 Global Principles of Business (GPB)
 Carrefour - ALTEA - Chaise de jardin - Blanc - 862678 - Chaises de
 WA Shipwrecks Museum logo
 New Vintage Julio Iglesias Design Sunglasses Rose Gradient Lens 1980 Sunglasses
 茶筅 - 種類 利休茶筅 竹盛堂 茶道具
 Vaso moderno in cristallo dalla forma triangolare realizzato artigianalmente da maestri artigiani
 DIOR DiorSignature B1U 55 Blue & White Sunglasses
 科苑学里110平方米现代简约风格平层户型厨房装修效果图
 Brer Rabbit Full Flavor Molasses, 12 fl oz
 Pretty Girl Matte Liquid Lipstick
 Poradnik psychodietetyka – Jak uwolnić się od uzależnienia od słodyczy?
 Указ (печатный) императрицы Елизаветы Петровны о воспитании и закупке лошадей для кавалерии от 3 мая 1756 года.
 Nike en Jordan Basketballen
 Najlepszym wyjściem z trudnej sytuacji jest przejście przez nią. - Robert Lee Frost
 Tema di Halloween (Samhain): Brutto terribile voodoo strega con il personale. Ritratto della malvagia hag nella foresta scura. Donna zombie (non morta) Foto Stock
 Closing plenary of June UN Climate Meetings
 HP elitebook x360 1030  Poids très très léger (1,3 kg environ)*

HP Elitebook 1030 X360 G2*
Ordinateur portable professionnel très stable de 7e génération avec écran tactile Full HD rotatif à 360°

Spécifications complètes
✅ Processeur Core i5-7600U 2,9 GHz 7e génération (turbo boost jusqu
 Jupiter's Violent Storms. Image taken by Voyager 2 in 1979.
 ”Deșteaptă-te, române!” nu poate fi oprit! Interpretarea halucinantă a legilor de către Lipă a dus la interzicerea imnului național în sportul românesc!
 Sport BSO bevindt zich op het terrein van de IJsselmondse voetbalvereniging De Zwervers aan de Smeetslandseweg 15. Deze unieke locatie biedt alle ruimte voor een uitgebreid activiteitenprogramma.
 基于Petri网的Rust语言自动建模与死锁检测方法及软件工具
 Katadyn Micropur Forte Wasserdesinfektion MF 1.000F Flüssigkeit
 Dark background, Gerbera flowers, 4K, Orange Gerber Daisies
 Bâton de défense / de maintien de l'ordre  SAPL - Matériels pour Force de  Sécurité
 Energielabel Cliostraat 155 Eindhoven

• TASK: Every line in the listing that holds the string "Full" should be copied out.

• EXERCISE OUTPUT:
 Brer Rabbit Full Flavor Molasses, 12 fl oz
Ordinateur portable professionnel très stable de 7e génération avec écran tactile Full HD rotatif à 360°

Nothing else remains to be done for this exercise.